### Exercise materials ###
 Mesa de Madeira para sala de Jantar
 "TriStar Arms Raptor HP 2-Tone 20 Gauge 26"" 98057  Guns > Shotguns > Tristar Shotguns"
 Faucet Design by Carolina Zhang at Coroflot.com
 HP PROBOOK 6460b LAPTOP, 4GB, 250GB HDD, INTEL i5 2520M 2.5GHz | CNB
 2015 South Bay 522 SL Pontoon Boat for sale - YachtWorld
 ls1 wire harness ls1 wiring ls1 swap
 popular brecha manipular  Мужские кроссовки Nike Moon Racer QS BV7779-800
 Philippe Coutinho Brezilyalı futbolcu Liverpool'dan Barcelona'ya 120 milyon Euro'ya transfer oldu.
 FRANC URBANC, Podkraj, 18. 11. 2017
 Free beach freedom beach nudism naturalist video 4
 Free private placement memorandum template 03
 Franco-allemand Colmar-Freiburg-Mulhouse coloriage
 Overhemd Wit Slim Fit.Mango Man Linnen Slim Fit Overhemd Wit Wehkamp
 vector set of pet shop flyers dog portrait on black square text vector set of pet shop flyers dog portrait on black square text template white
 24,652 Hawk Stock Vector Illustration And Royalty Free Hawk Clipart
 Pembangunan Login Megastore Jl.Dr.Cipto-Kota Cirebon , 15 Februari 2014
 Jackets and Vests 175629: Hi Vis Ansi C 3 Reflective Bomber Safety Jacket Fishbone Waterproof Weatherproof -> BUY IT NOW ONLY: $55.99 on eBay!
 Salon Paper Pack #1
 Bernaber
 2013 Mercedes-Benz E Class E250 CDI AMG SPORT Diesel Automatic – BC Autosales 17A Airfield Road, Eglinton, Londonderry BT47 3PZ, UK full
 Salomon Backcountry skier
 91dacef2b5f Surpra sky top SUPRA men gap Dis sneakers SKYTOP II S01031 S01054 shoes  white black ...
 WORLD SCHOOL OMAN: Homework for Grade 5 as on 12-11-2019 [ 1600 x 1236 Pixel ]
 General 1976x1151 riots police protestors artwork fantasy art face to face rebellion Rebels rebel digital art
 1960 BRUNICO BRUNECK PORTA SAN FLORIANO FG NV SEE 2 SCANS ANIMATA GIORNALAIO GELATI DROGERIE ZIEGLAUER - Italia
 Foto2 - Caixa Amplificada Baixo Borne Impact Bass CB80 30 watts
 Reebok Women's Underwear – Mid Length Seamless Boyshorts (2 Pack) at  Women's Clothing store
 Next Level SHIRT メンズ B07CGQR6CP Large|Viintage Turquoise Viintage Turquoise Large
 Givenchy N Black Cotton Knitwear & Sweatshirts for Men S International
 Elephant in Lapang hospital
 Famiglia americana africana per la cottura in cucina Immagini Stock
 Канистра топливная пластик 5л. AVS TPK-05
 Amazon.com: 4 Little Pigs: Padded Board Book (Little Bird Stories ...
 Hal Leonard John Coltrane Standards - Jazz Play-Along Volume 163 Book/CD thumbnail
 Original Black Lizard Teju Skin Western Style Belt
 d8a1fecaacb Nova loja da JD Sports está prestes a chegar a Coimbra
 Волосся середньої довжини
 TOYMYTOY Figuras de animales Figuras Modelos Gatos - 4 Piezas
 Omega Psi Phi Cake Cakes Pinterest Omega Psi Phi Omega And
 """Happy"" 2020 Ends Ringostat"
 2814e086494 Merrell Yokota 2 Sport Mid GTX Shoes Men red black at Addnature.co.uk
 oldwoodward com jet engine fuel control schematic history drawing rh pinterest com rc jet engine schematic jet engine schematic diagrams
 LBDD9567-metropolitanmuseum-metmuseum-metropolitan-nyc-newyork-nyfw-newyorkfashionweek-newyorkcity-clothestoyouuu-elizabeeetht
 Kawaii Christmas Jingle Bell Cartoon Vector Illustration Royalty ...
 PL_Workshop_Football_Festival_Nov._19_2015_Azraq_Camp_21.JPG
###
§ What to work on: Working through the entries line by line, count those containing "Illustration" and report only the number.

§ Finished exercise: 2